A python module for English word lemmatization and inflection.


LemmInflect uses a dictionary approach to lemmatize English words and inflect them into forms specified by a user supplied Universal Dependencies or Penn Treebank tag. The library works with out-of-vocabulary (OOV) words by applying neural network techniques to classify word forms and choose the appropriate morphing rules.

The system acts as a standalone module or as an extension to the spaCy NLP system.

The dictionary and morphology rules are derived from the NIH's SPECIALIST Lexicon which contains an extensive set information on English word forms.

Library Usage

To lemmatize a word use the method getLemma(). This takes a word and a Universal Dependencies tag and returns the lemmas as a list of possible spellings. The dictionary system is used first, and if no lemma is found, the rules system is employed.

> from lemminflect import getLemma
getLemma('watches', upos='VERB')

To inflect words, use the method getInflection. This takes a lemma and a Penn Treebank tag and returns a tuple of the specific inflection(s) associated with that tag. Similary to above, the dictionary is used first and then inflection rules are applied if needed..

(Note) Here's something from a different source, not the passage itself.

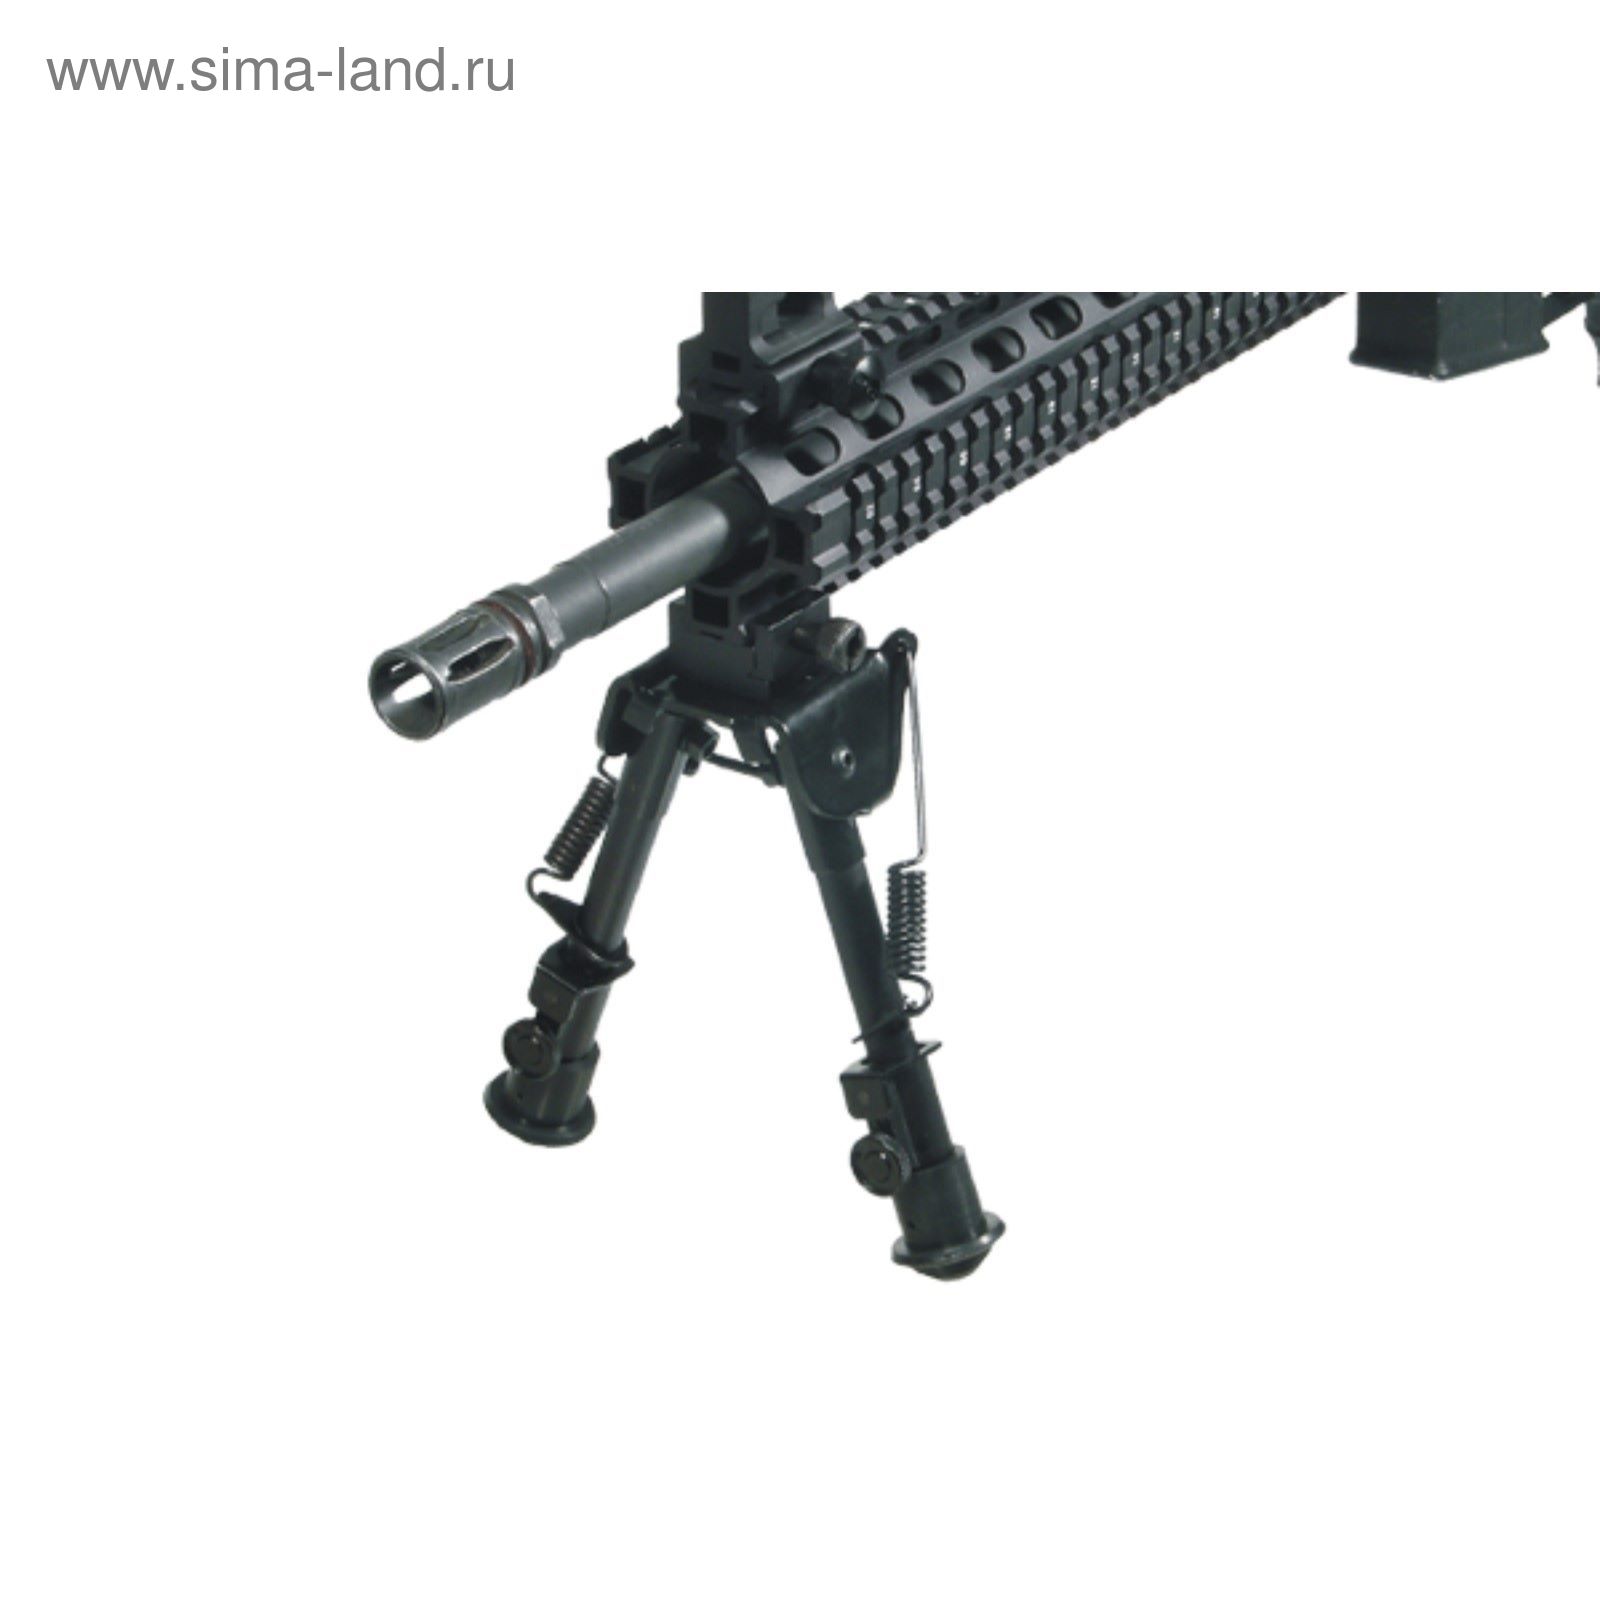 Сошки UTG для установки на оружие на планку Picatinny, регулируемые, высота 15 - 20 см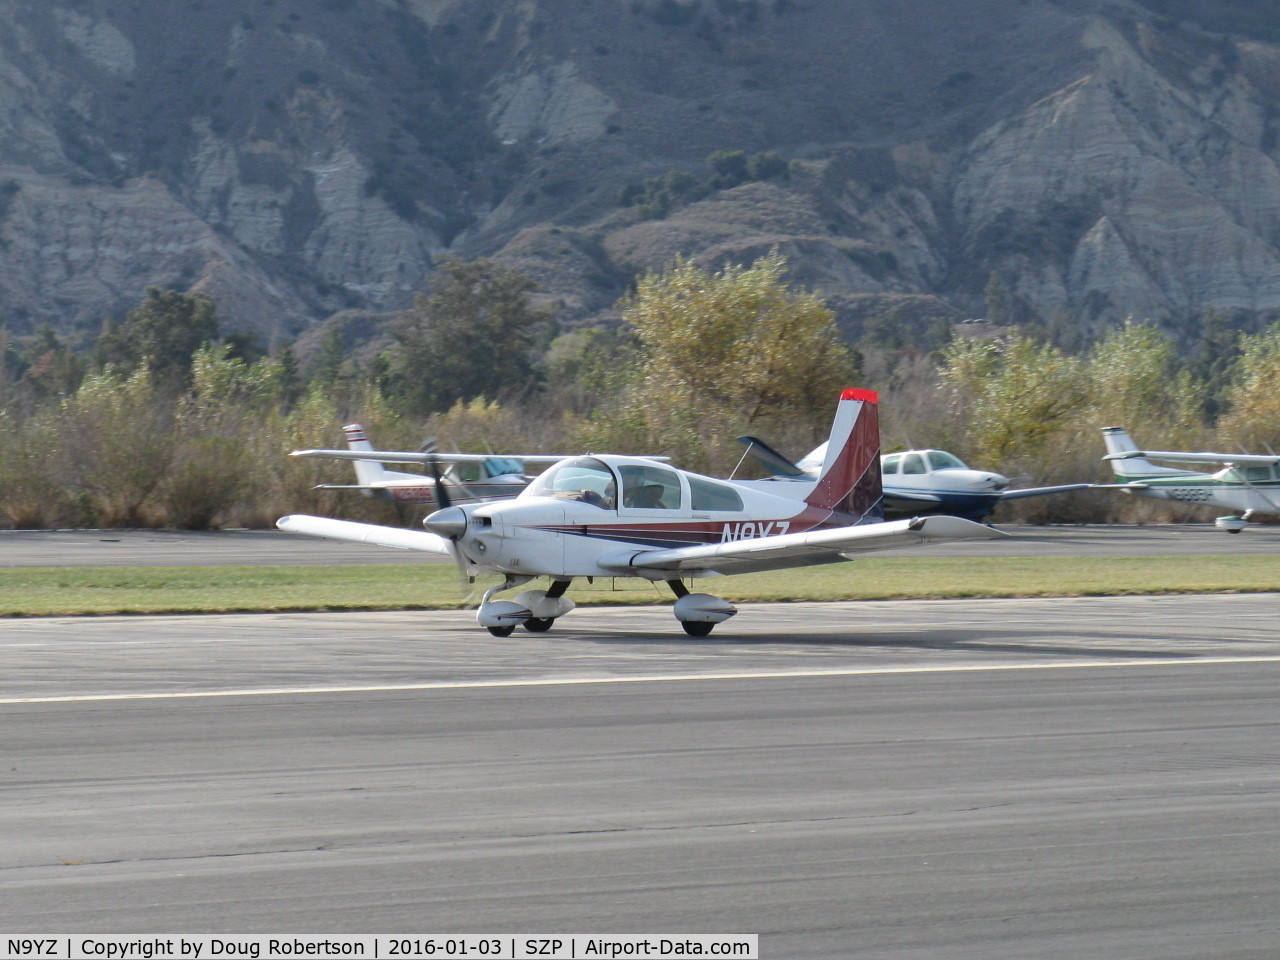 N9YZ, 1975 Grumman American AA-5A Cheetah C/N AA5-0822, 1975 Grumman American AA-5A CHEETAH, Lycoming O-320 150 Hp, landing roll Rwy 04 to give Young Eagles flights

> from lemminflect import getInflection
> getInflection('watch', tag='VBD')

> getInflection('xxwatch', tag='VBD')

The library provides lower-level functions to access the dictionary and the OOV rules directly. For a detailed description see Lemmatizer or Inflections.

Usage as a Spacy Extension

To use as an extension, you need spaCy version 2.0 or later. Versions 1.9 and earlier do not support the extension methods used here.

To setup the extension, first import lemminflect. This will create new lemma and inflect methods for each spaCy Token. The methods operate similarly to the methods described above, with the exception that a string is returned, containing the most common spelling, rather than a tuple.

> import spacy
> import lemminflect
> nlp = spacy.load('en_core_web_sm')
> doc = nlp('I am testing this example.')
> doc[2]._.lemma()

> doc[4]._.inflect('NNS')